▸ Problem to work on: Each line of data below must be printed exactly as written, with any pictures removed.

▸ Supplied information:

BEGIN

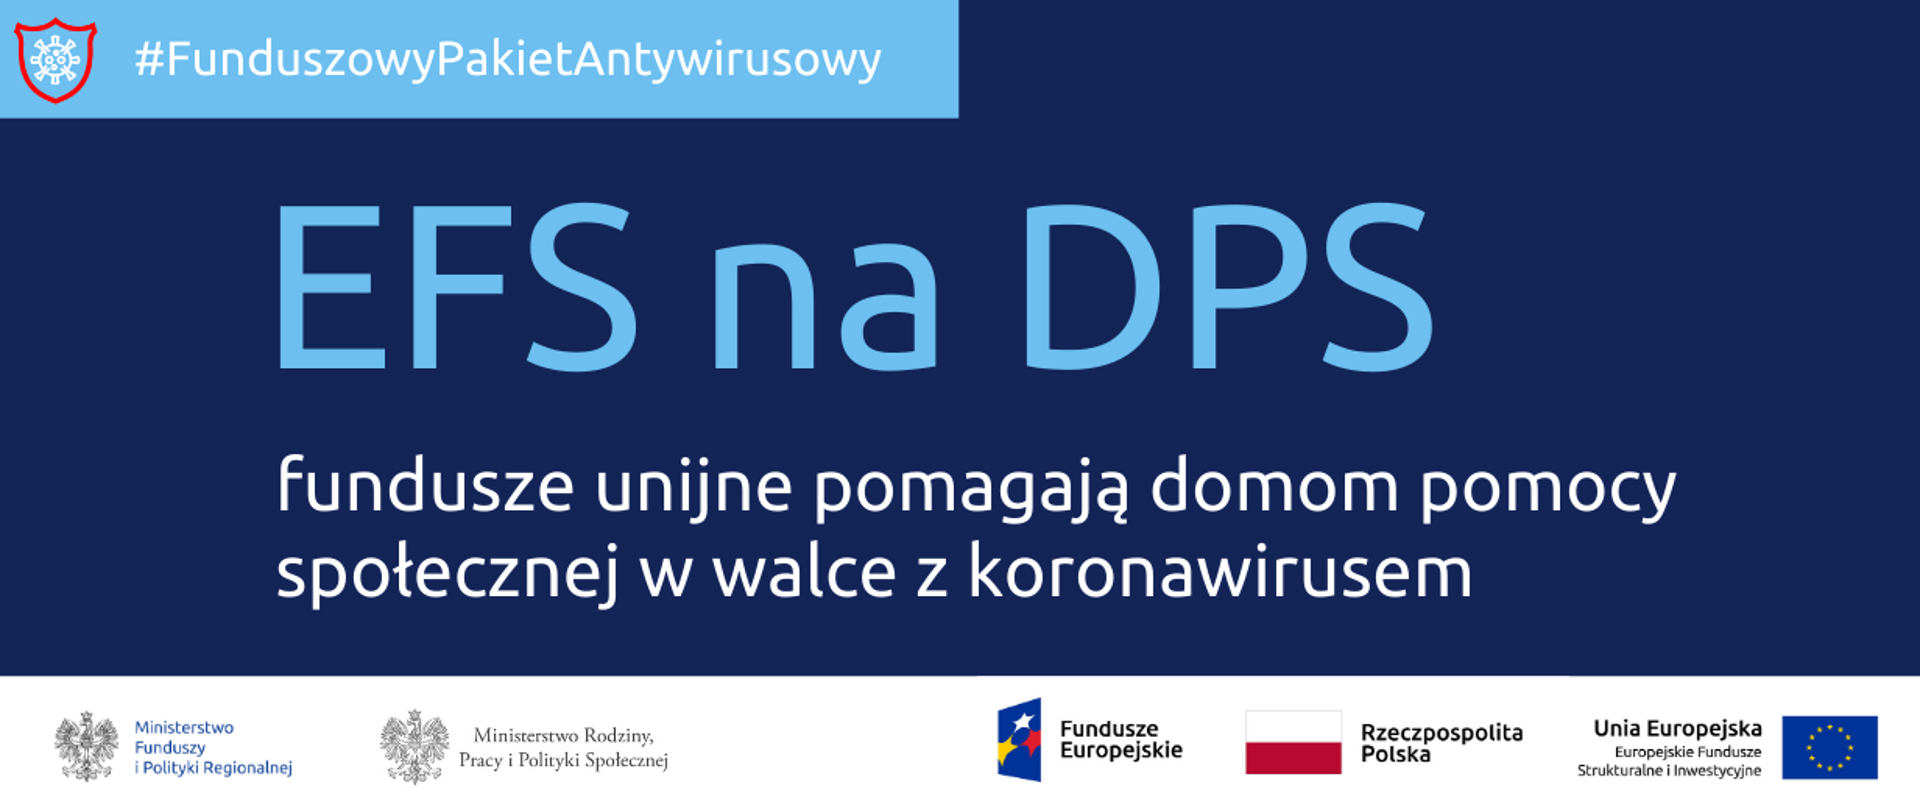 Napis: Funduszowy Pakiet Antywirusowy: EFS na DPS, fundusze unijne pomagają domom pomocy społecznej w walce z koronawirusem. Na dole ikonki Facebooka oraz Twittera, logotypy Funduszy Europejskich i Ministerstwa Funduszy i Polityki Regionalnej, flaga Polski.
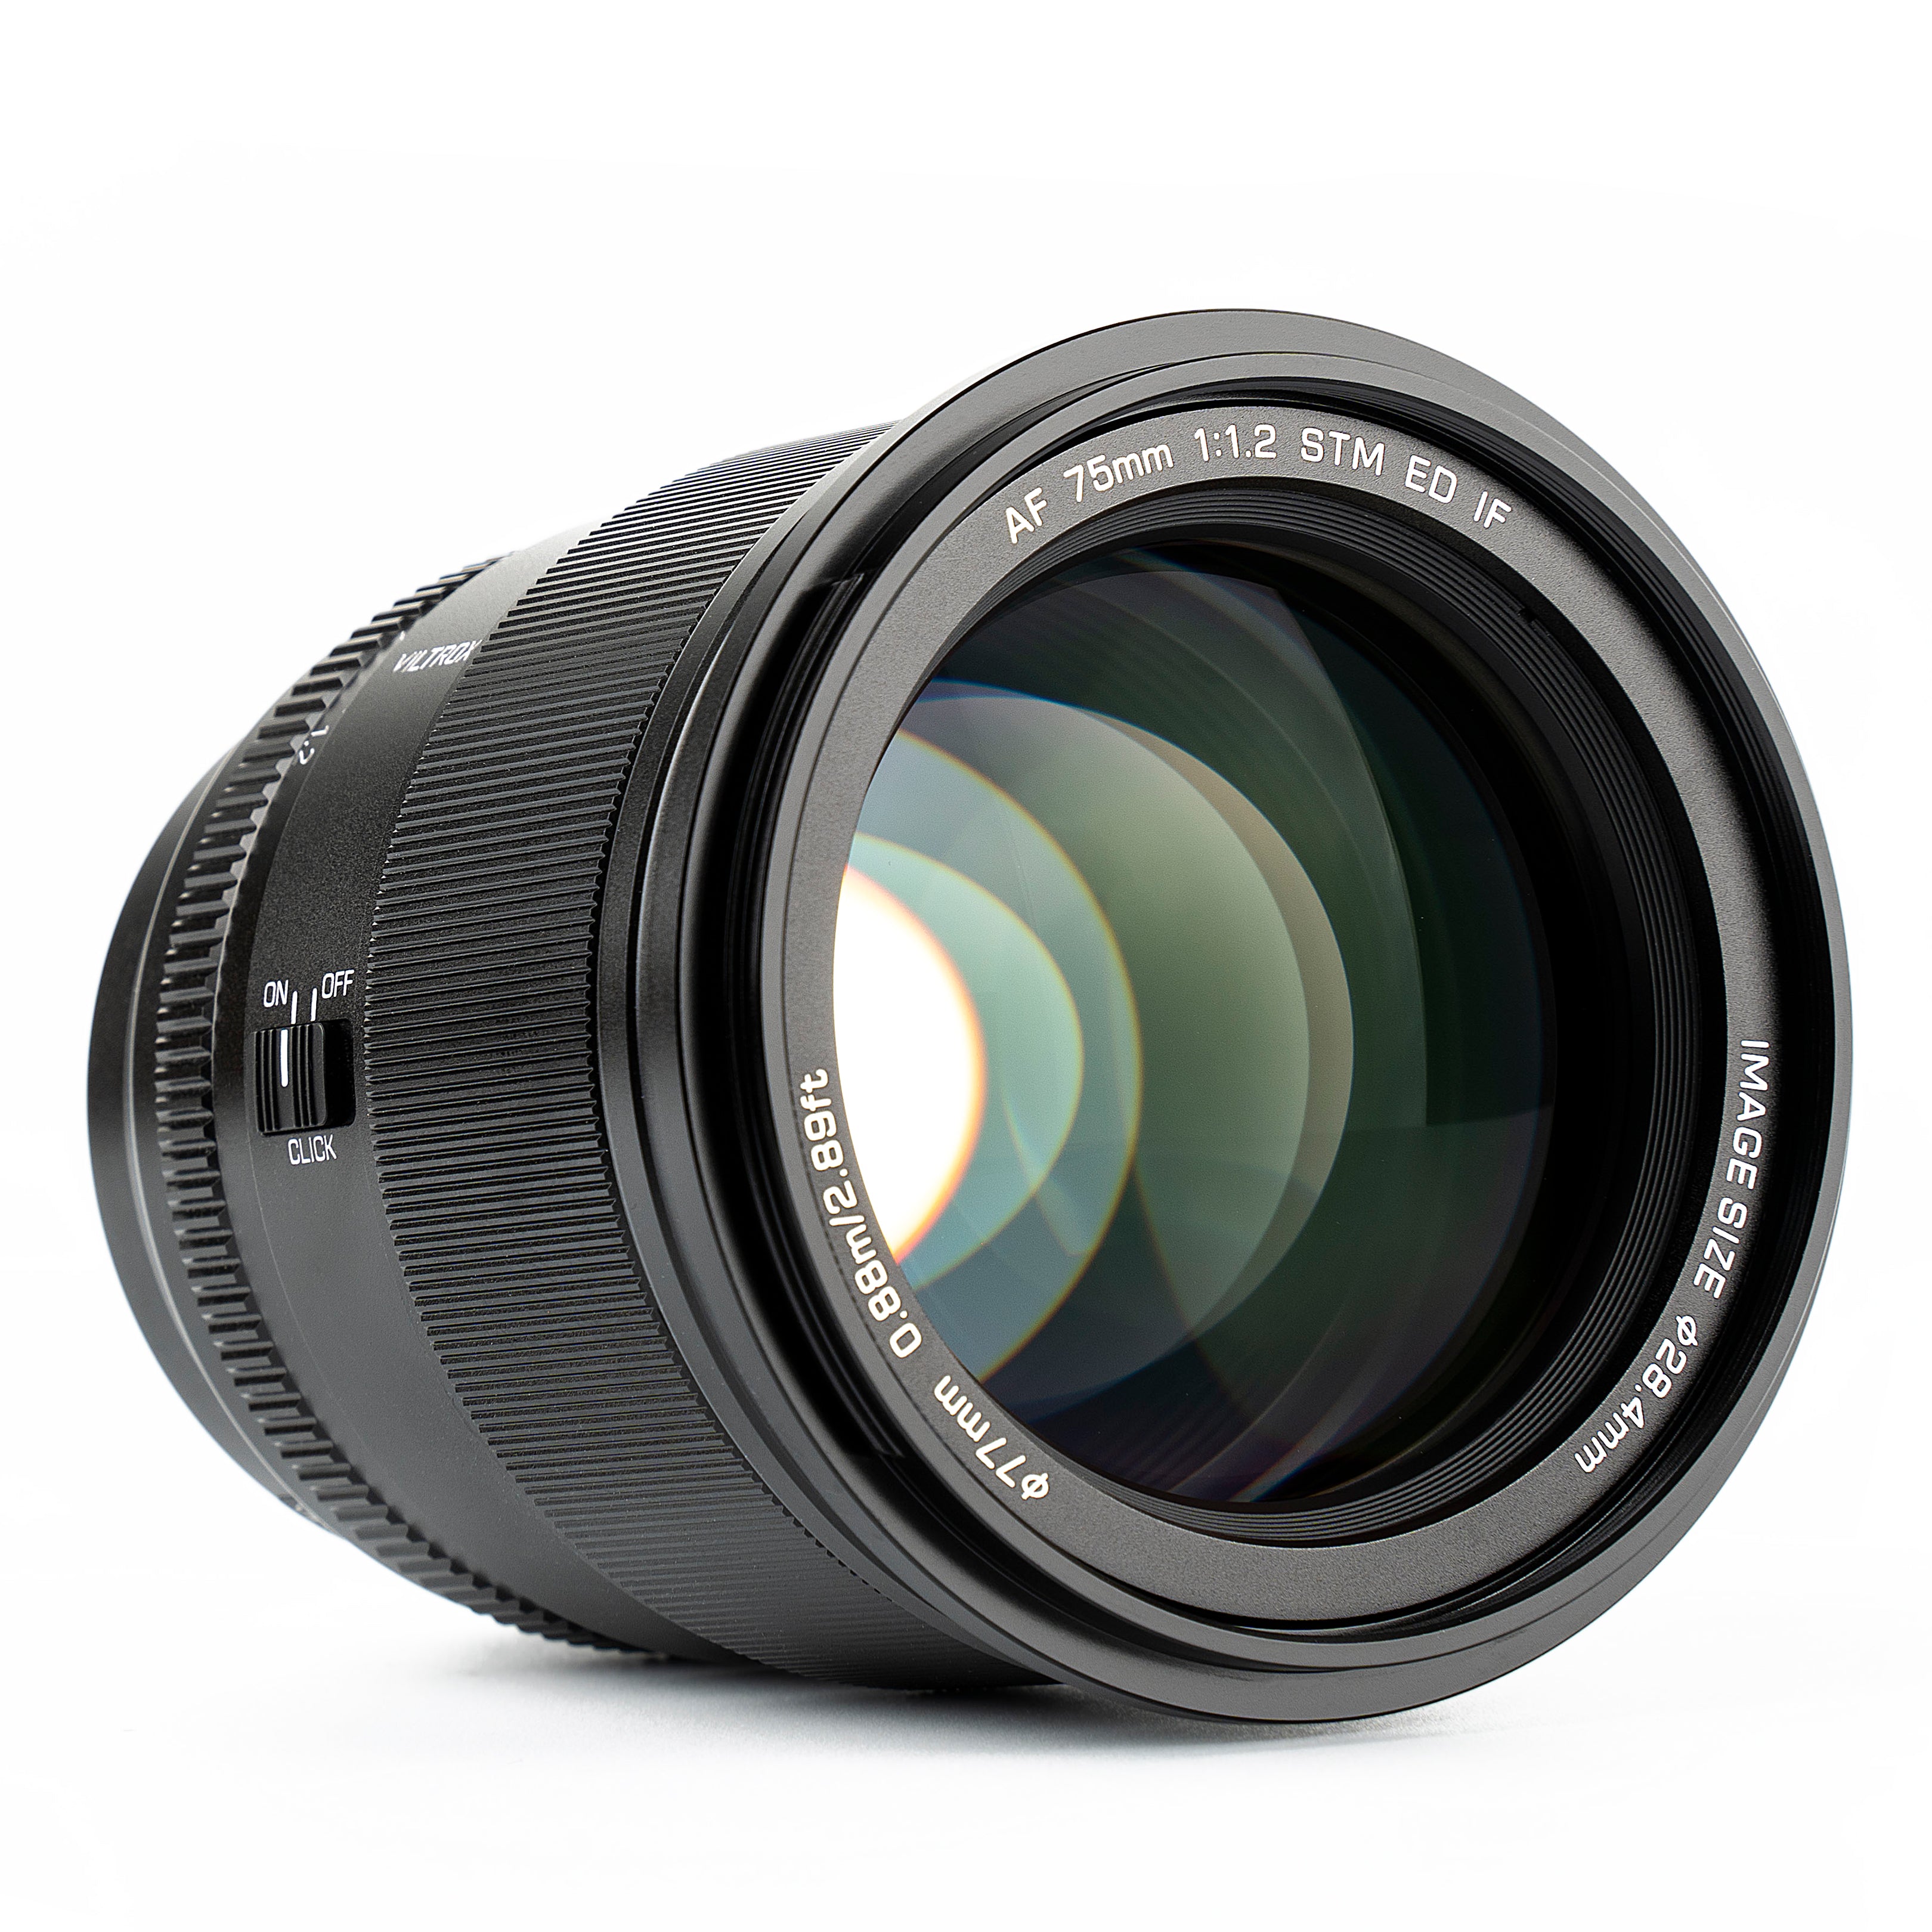 VILTROX PRO Series 75mm F1.2 E/Z Auto Focus Large Aperture APS-C Prime Lens Designed for Sony E-mount Nikon Z-mount Cameras
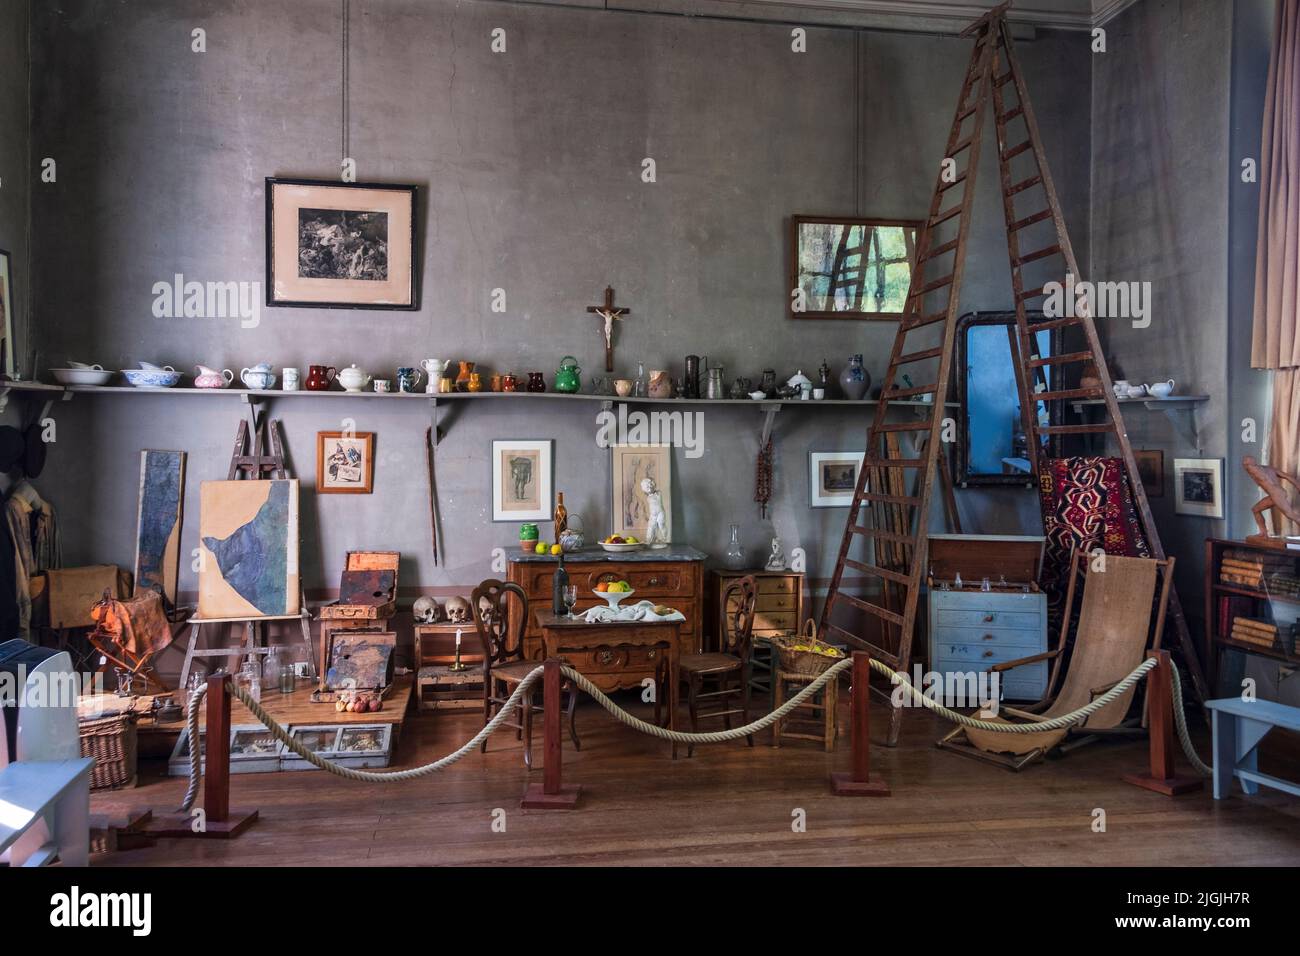 Atelier de Cézanne - intérieur de studio d'art, Aix-en-Provence, France Banque D'Images
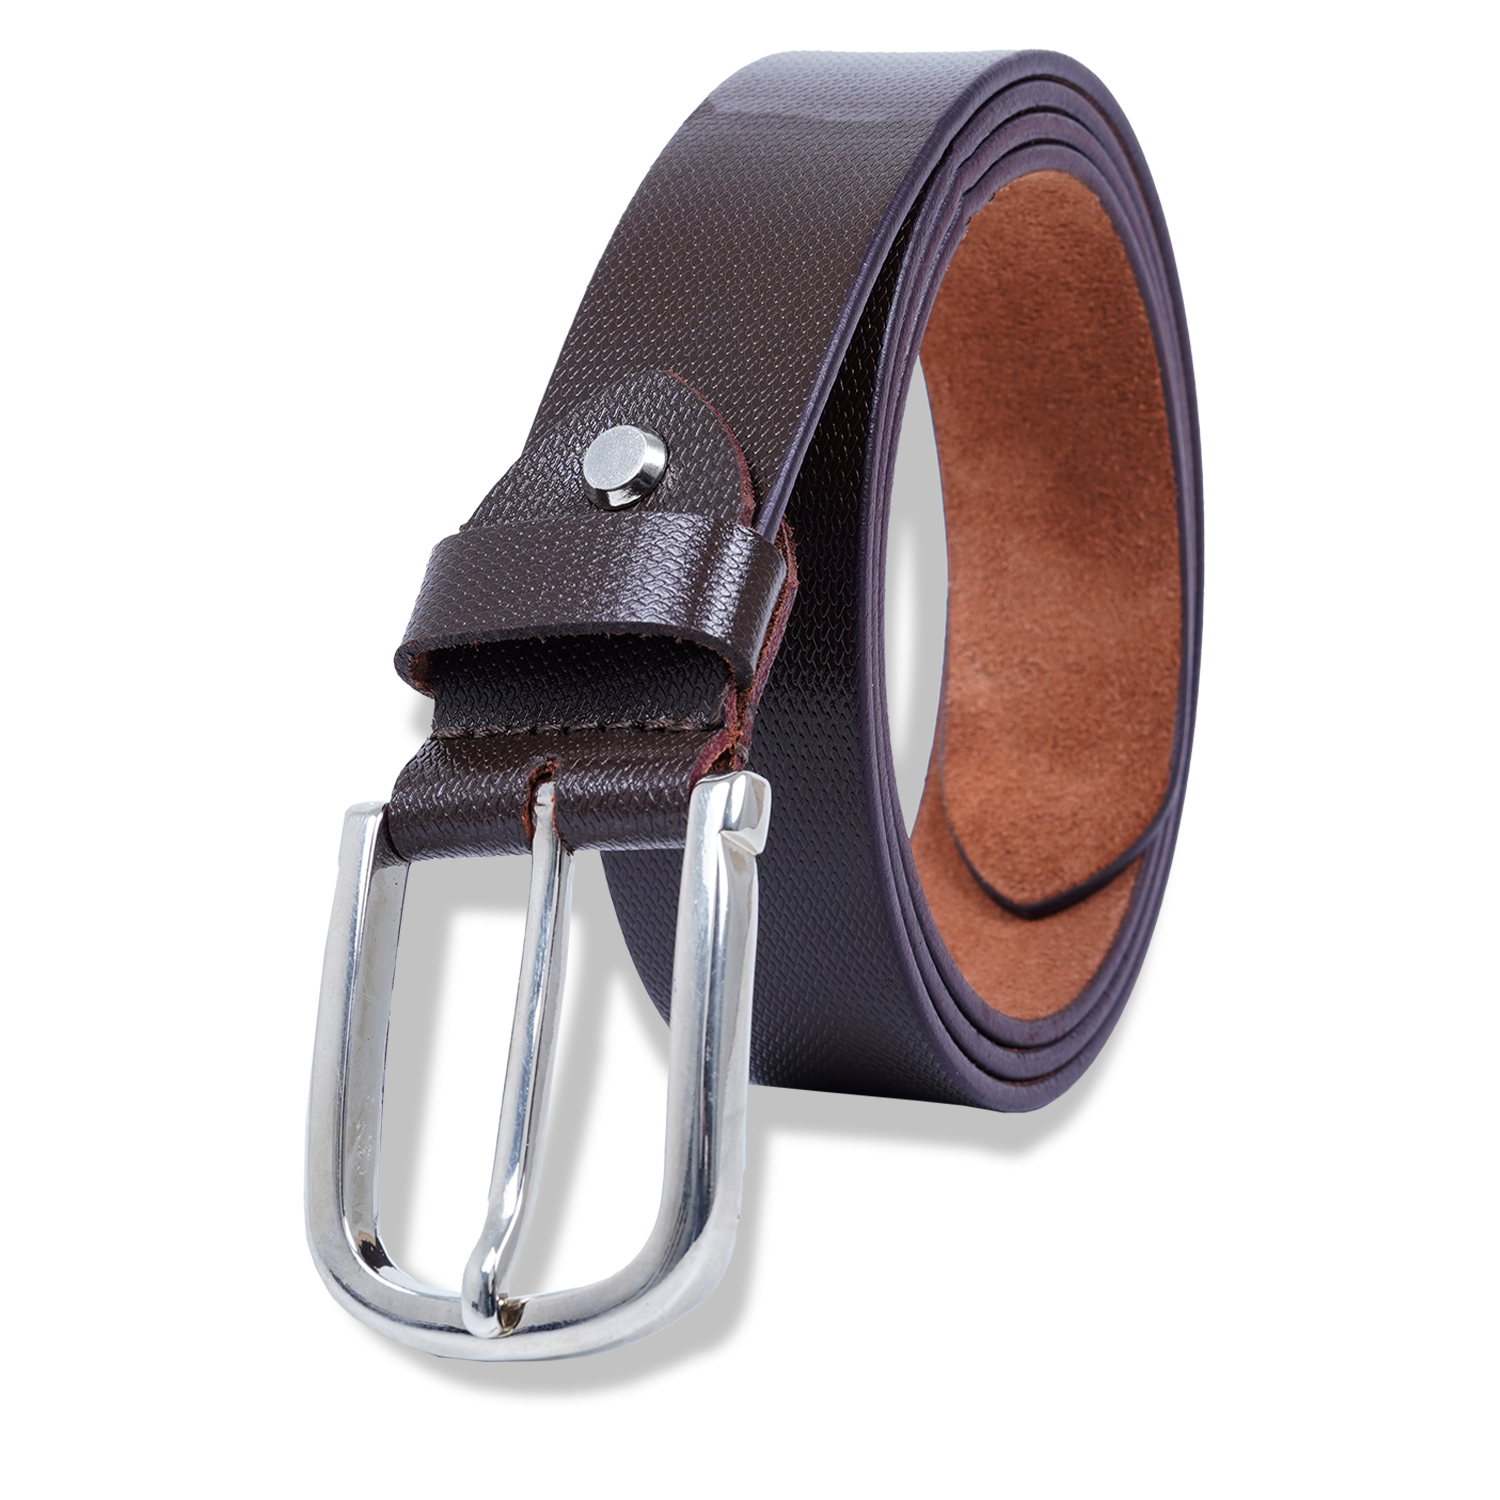  Genuine Leather Belt for Men |Brown| Formal Belt-asset-276

END

▸ Output of the task:
 Napis: Funduszowy Pakiet Antywirusowy: EFS na DPS, fundusze unijne pomagają domom pomocy społecznej w walce z koronawirusem. Na dole ikonki Facebooka oraz Twittera, logotypy Funduszy Europejskich i Ministerstwa Funduszy i Polityki Regionalnej, flaga Polski.
 VILTROX PRO Series 75mm F1.2 E/Z Auto Focus Large Aperture APS-C Prime Lens Designed for Sony E-mount Nikon Z-mount Cameras
 Atelier de Cézanne - intérieur de studio d'art, Aix-en-Provence, France Banque D'Images
  Genuine Leather Belt for Men |Brown| Formal Belt-asset-276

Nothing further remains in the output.